Worst-Case Complexity of Ford-Fulkerson
Ask a computer scientist the worst-case complexity of the Ford-Fulkerson algorithm1 with integral edge capacities, and you'll likely get the answer of O(E*|f|), where E is the number of edges in the graph, and |f| is the capacity of the maximum flow, f, that the algorithm seeks to find. Indeed, that would have been my answer, as well. Until I tried to exploit that worst-case behavior.
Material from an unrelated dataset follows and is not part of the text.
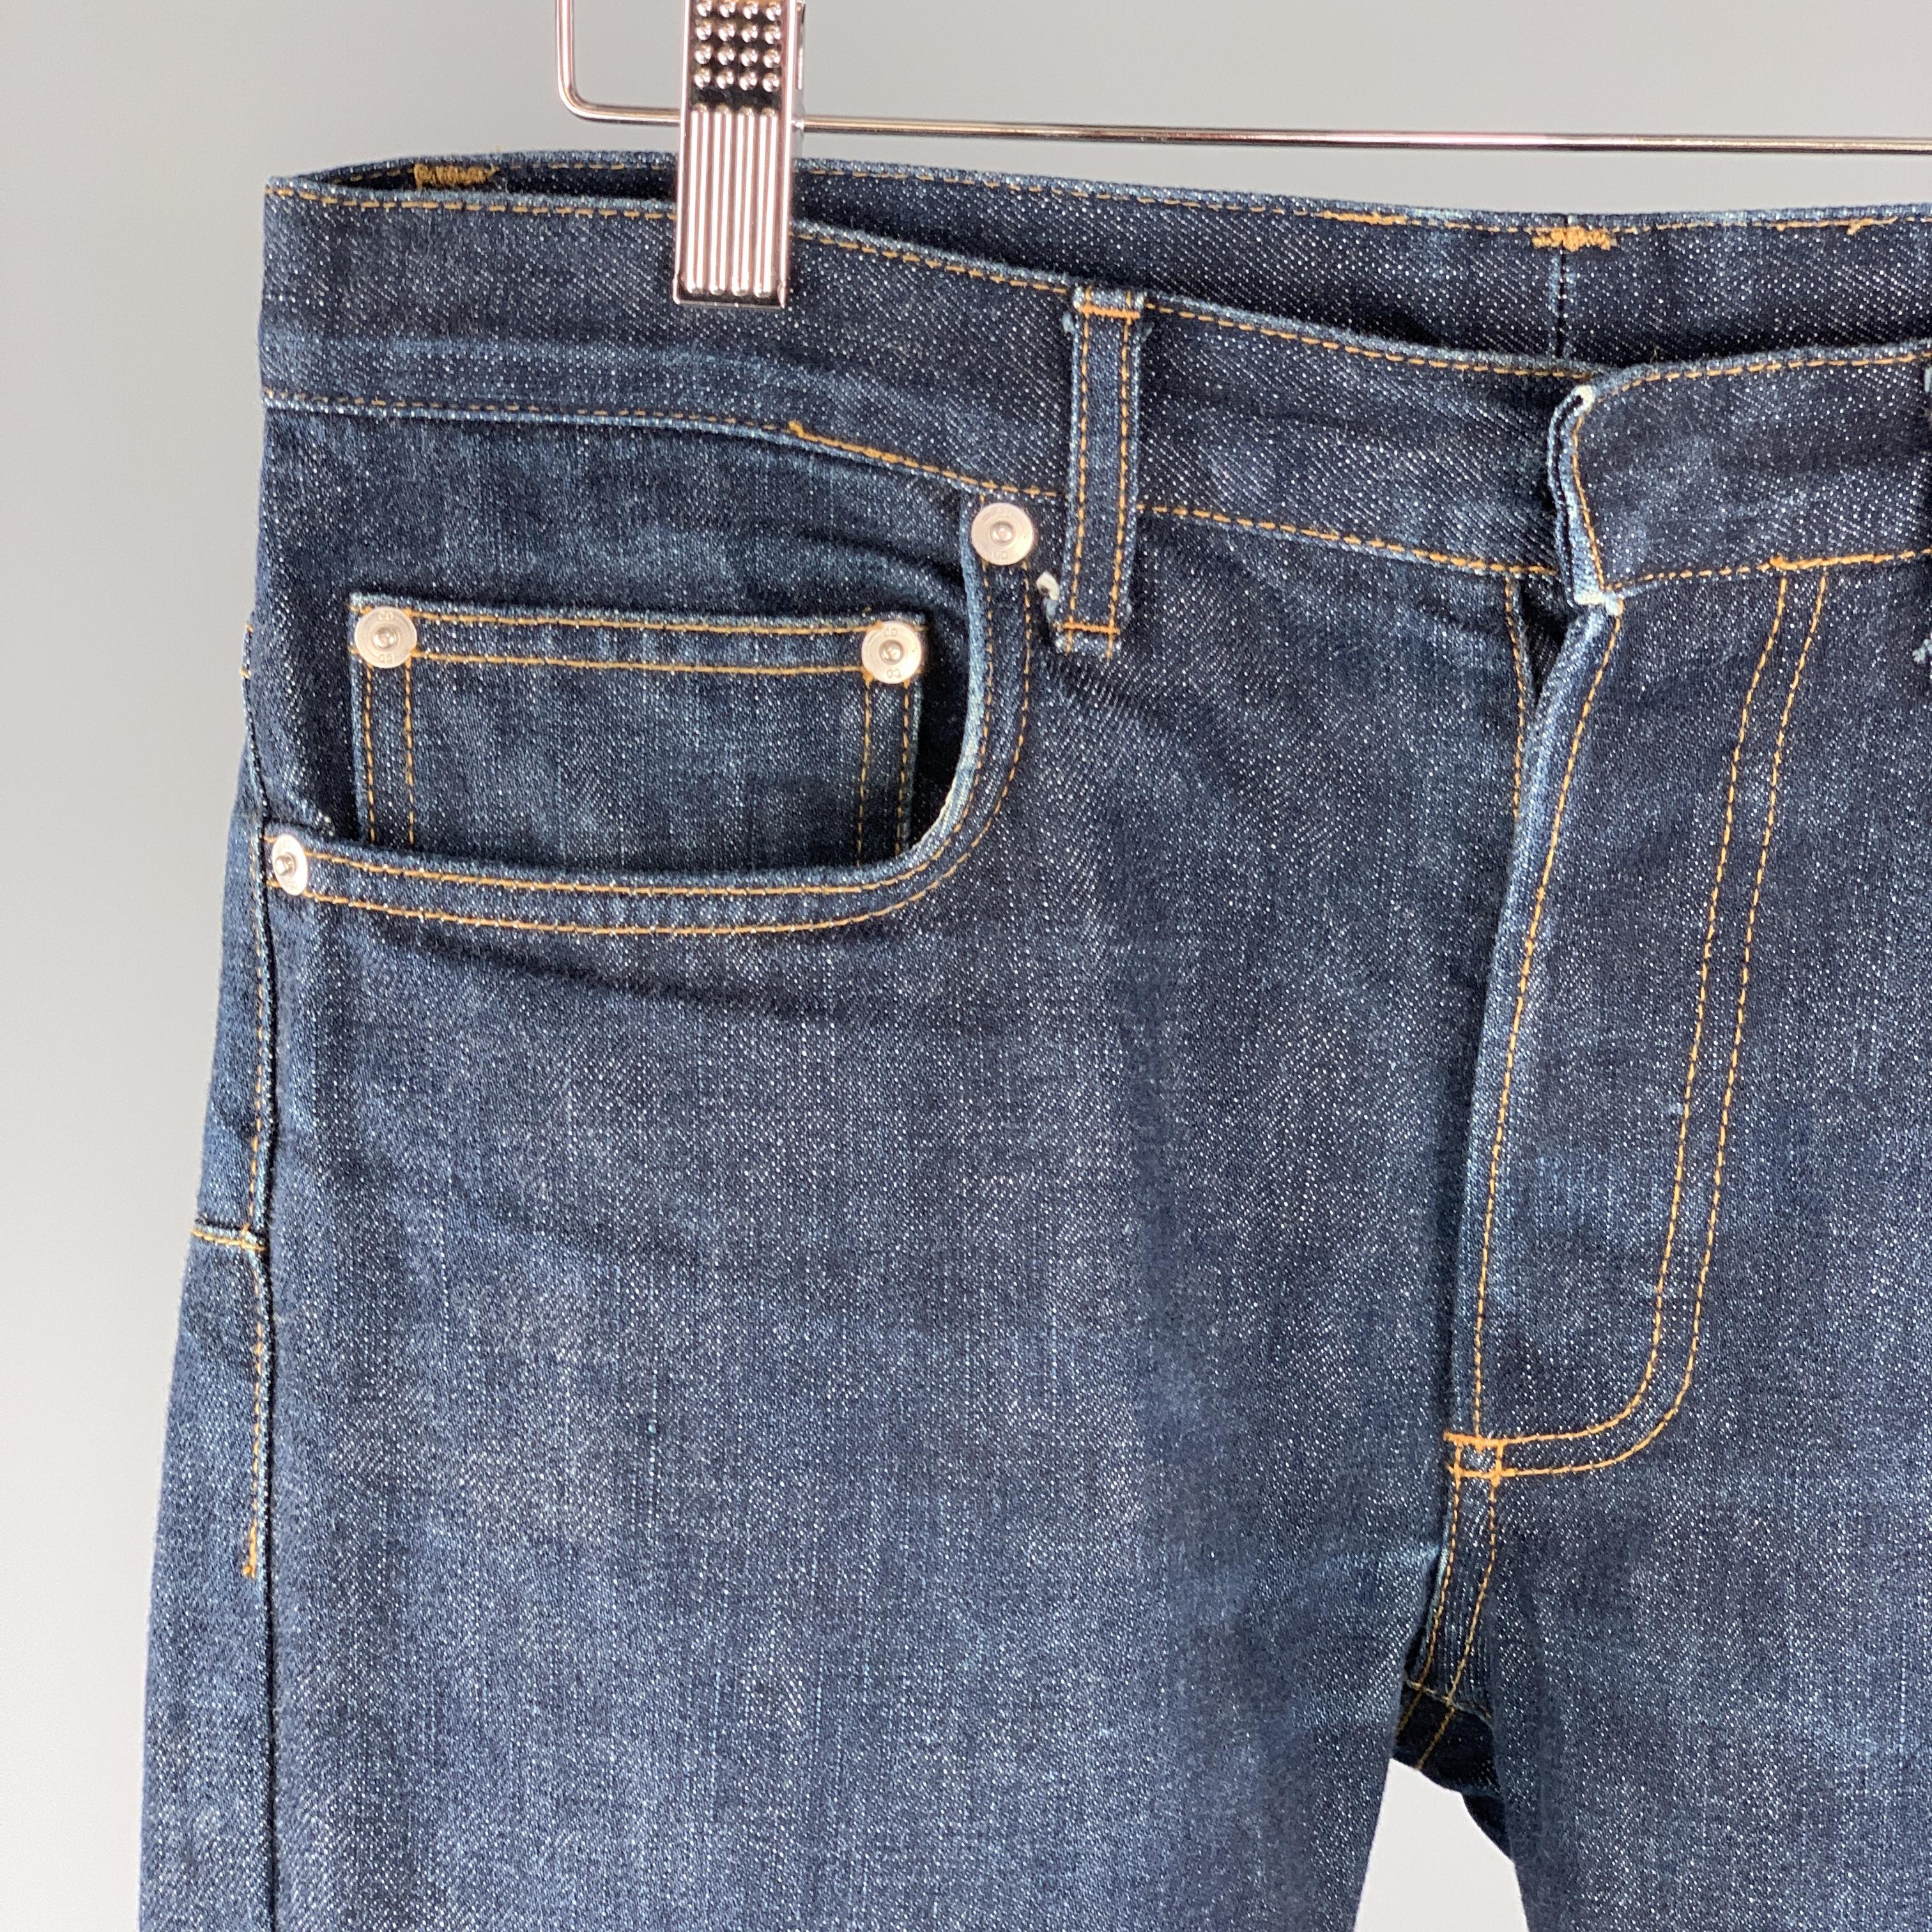 Black DIOR HOMME Size 31 x 29 Indigo Wash Denim Button Fly Jeans

Recently, I have been developing Java programs containing algorithmic complexity vulnerabilities, in order to test vulnerability detection tools being developed. Ford-Fulkerson seemed a perfect example of an algorithm where inputs that produce worst-case behavior are relatively rare, yielding a denial-of-service vulnerability that is difficult to detect by fuzzing.
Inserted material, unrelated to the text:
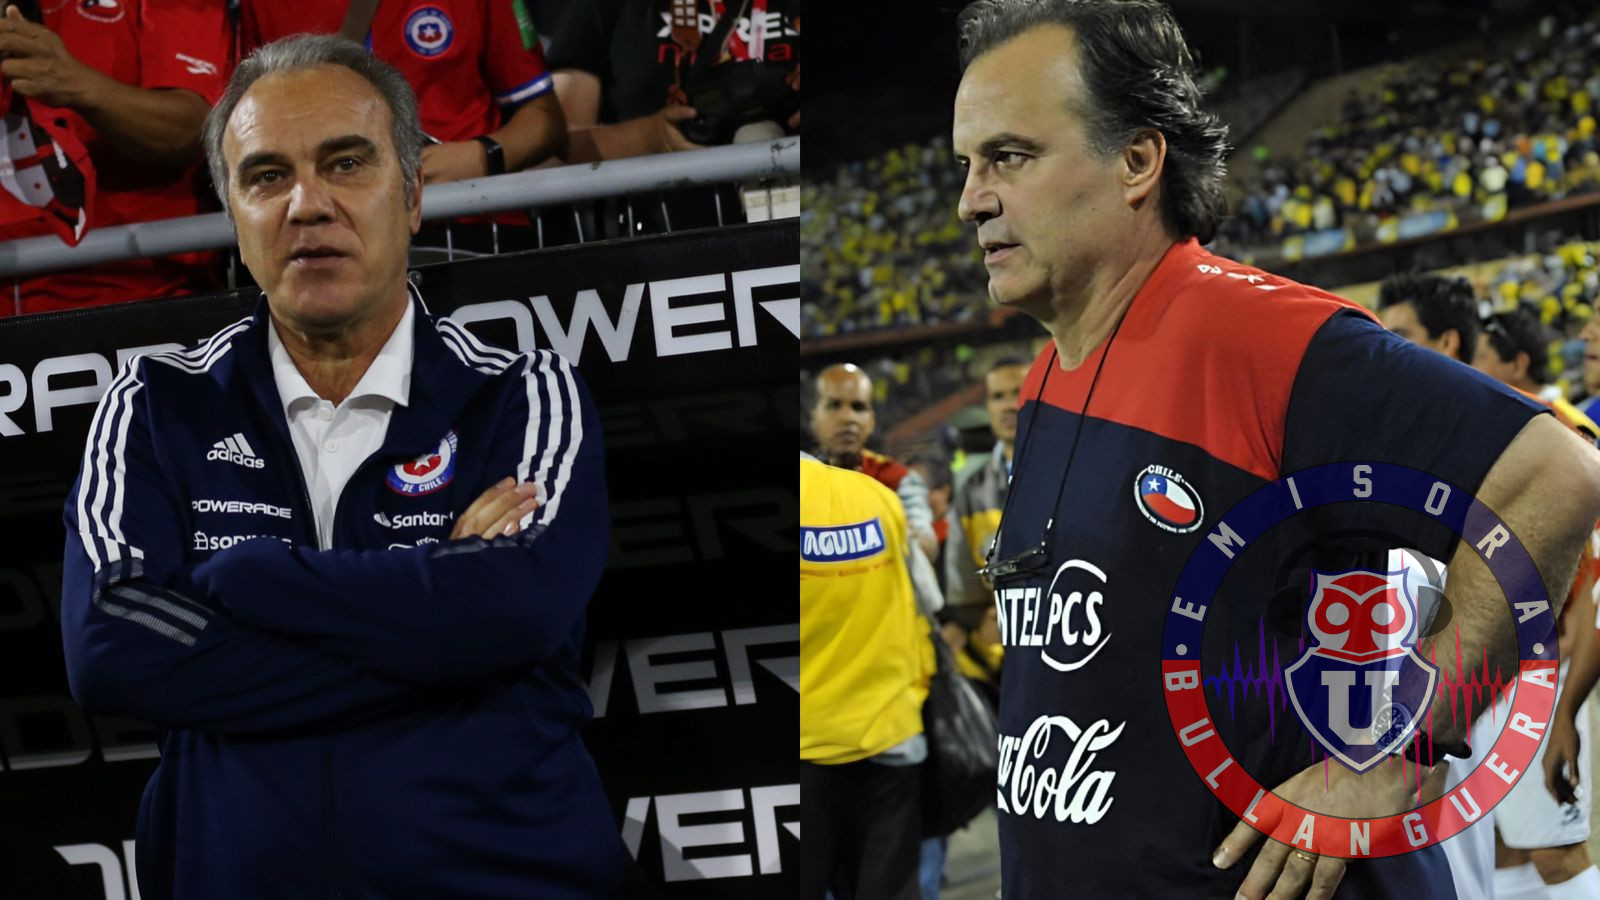 Martín Lasarte apunta a Bielsa por el fracaso con Chile: “Todos tuvimos problemas para plantear nuestra idea”

On each iteration, the algorithm finds a path from the source to the sink that has some additional capacity that hasn't already been used in previous iterations. This is called an augmenting path. This path may include backtracking along an edge that has some of its capacity already used.
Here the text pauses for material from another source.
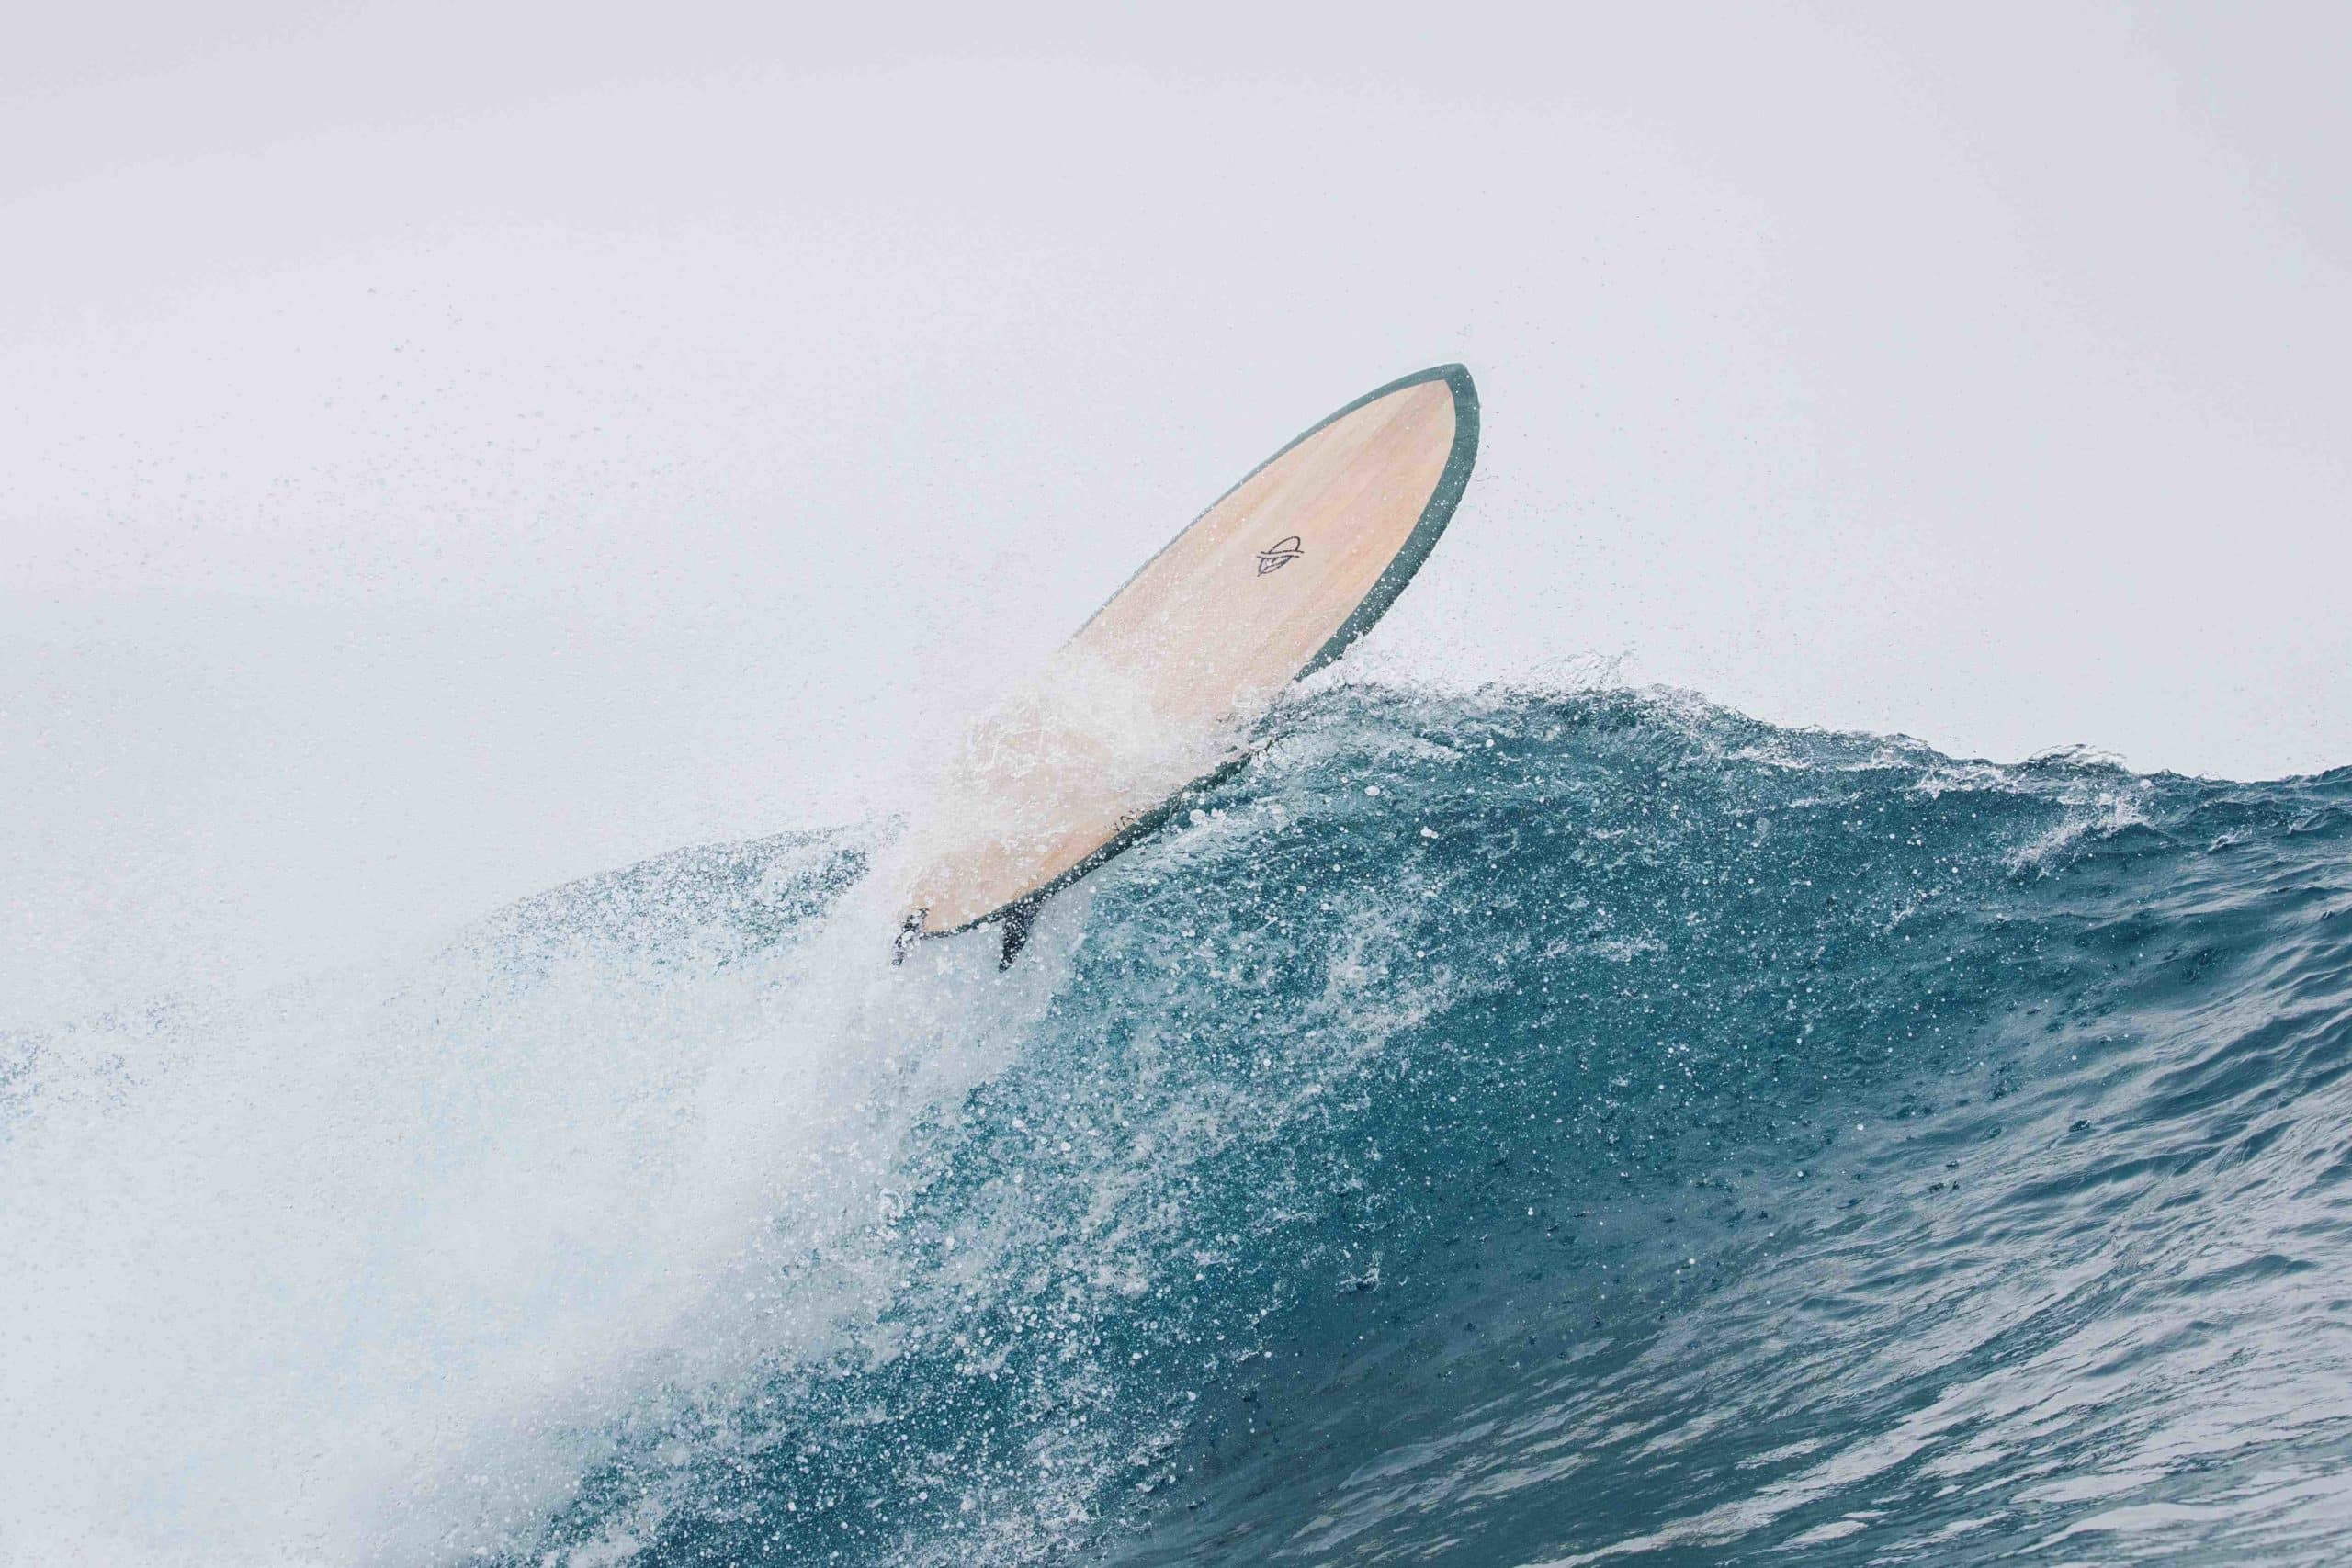 Comment lire taille surf ?

A worst-case example is one with a small augmenting path. Such a graph would cause only small increments towards the maximum flow on each iteration. The figure below shows such a graph, the standard graph used when discussing the complexity of the algorithm.
However, the worst-case analysis assumes that the algorithm will always make the worst possible choice, first taking augmenting path ABCD, then backtracking along ACBD, then ABCD, etc., repeatedly using BC, first forward, then backward. But no natural implementation of the algorithm would do this.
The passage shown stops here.